Note: Giannotti’s Italian Kitchen is now closed. The restaurant’s former location became a doctor’s office in 2017.
While crisscrossing the county looking for great food, it’s inevitable that I will end up at a place from my childhood every now and then.
Growing up in the Robesonia area, there were not a lot of options to choose from, unless you wanted Italian. Then you had two choices: Tony’s Family Restaurant on the west side of town or Giannotti’s Family Restaurant on the east side.
Recently, Julie and I paid my grandmother a visit and offered to take her out for dinner. We headed east to Giannotti’s.
It’s been more than a decade since Julie and I last visited Giannotti’s in Robesonia. We’ve changed a lot since then, and so has the restaurant, rebranding itself last year from Giannotti’s Family Restaurant to Giannotti’s Italian Kitchen.
The building also received a major facelift. The bar used to be hidden in the back of the building. Now it’s right inside the front door (and looks great). The dining room felt more intimate with softer lighting and a faux fireplace in the center of the room.
Our server brought down the mood right away. Introducing herself before adding, “I guess I’ll be serving you.”
Still, I was excited about our meal at the new Italian Kitchen. With a family restaurant, you expected pizza, sandwiches and some pasta. But with an Italian Kitchen, I expected some truly inspired dishes from the Old World.
Seeing the new menu was another let-down. It’s still mostly sandwiches and pizza, though now they are pizzabellas, with an upcharge to make them “family size.”
Instead of offering unique pasta selections, everything is now build-your-own — choose one of four pastas, four toppings and five sauces (over 100 combinations, the menu proclaims).
There are also seven additional entrees, including chicken marsala, stuffed sirloin, and my choice, risotto with broccoli and lamb shank in Béarnaise sauce.
If I’ve learned one thing from watching Guy’s Grocery Games, it’s that you can’t make great risotto in less than 30 minutes. Mine arrived in 20.
The lamb looked great, and was very good. Béarnaise would not have been my first choice to go with lamb, but it worked. Because it was just drizzled on top of the shank, it never had time to marinate with the meat so only the first few bites had any sauce at all. Still, the meat was tender and cooked well so I enjoyed it.
As I had feared, the risotto was a little off. I don’t know if it was cooked too long or not long enough (my guess), but some of the rice was a little hard, making it chewy and less enjoyable the longer I ate.

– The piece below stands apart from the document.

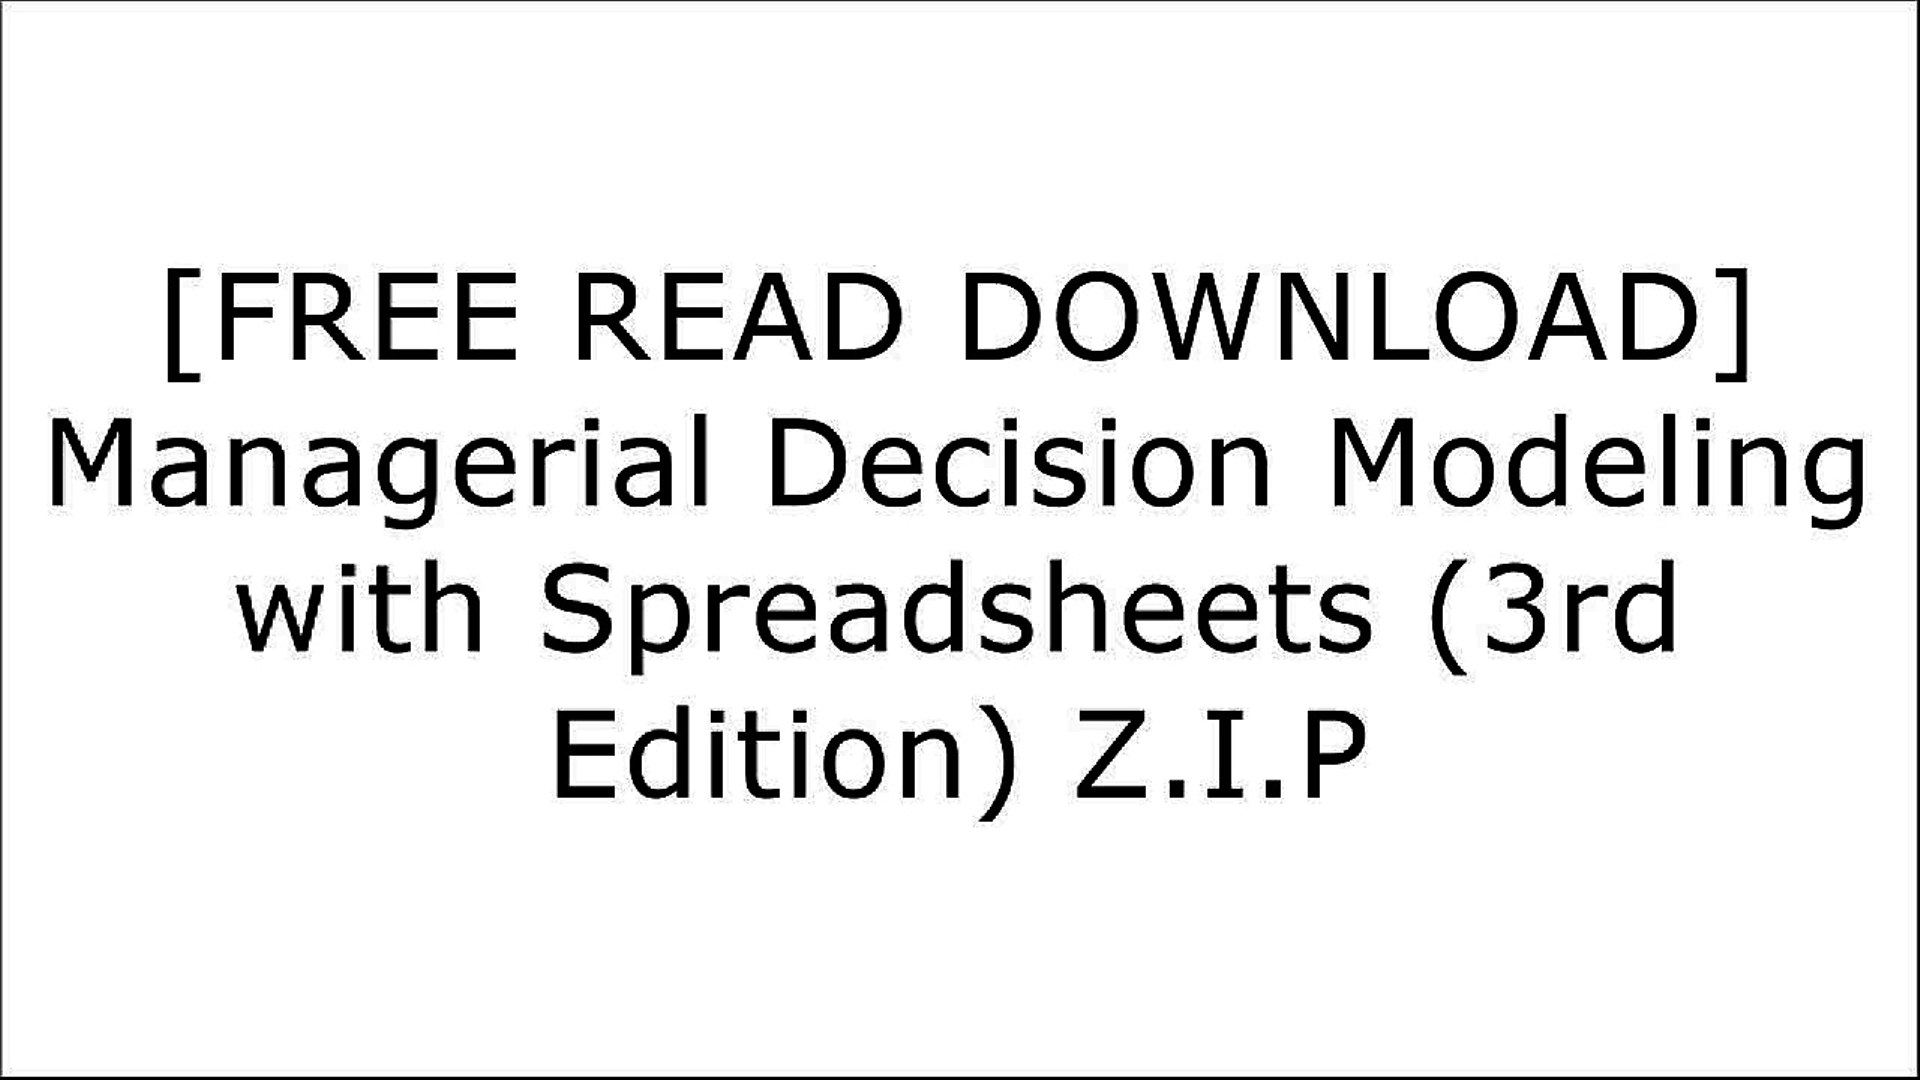 Managerial Decision Modeling With Spreadsheets 3Rd Edition with Zr4Bx.[F.r.e.e] [R.e.a.d] [D.o.w.n.l.o.a.d]] Managerial Decision

Our waitress, who seemed a little off herself, had tried to talk me into an additional side, but I was glad that I passed because there was more than enough food on my plate (I finished it, but I could have stopped much sooner and still left full).
Julie went with an entree as well, the chicken parm. Unlike my dish, which included three components, the chicken parm is served with no sides. It was an additional charge for a side of pasta, but she got it.
It was a good thing, too. The chicken parm was fine, but wasn’t anything special. The pasta (linguine was her choice) was good with a light red sauce and diced tomatoes.
My grandmother’s lasagna was good, and just the right amount of food for her (again, our waitress had tried to talk her into adding a side, which, incidentally, are not listed anywhere on the menu).
All of our meals did come with house salads. Though I have to say, I miss the salad bar that used to be in the dining room.
I will give them credit for their prices because even with my $21 entree — the most expensive on the menu — our final total was only around $55 (that also included a mixed drink and an iced tea).
While the meal wasn’t bad, it just wasn’t what I was hoping for. Our server was less than enthusiastic about her job (though the hostess and other servers seemed great). The food was good, but nothing wowed me like I was hoping.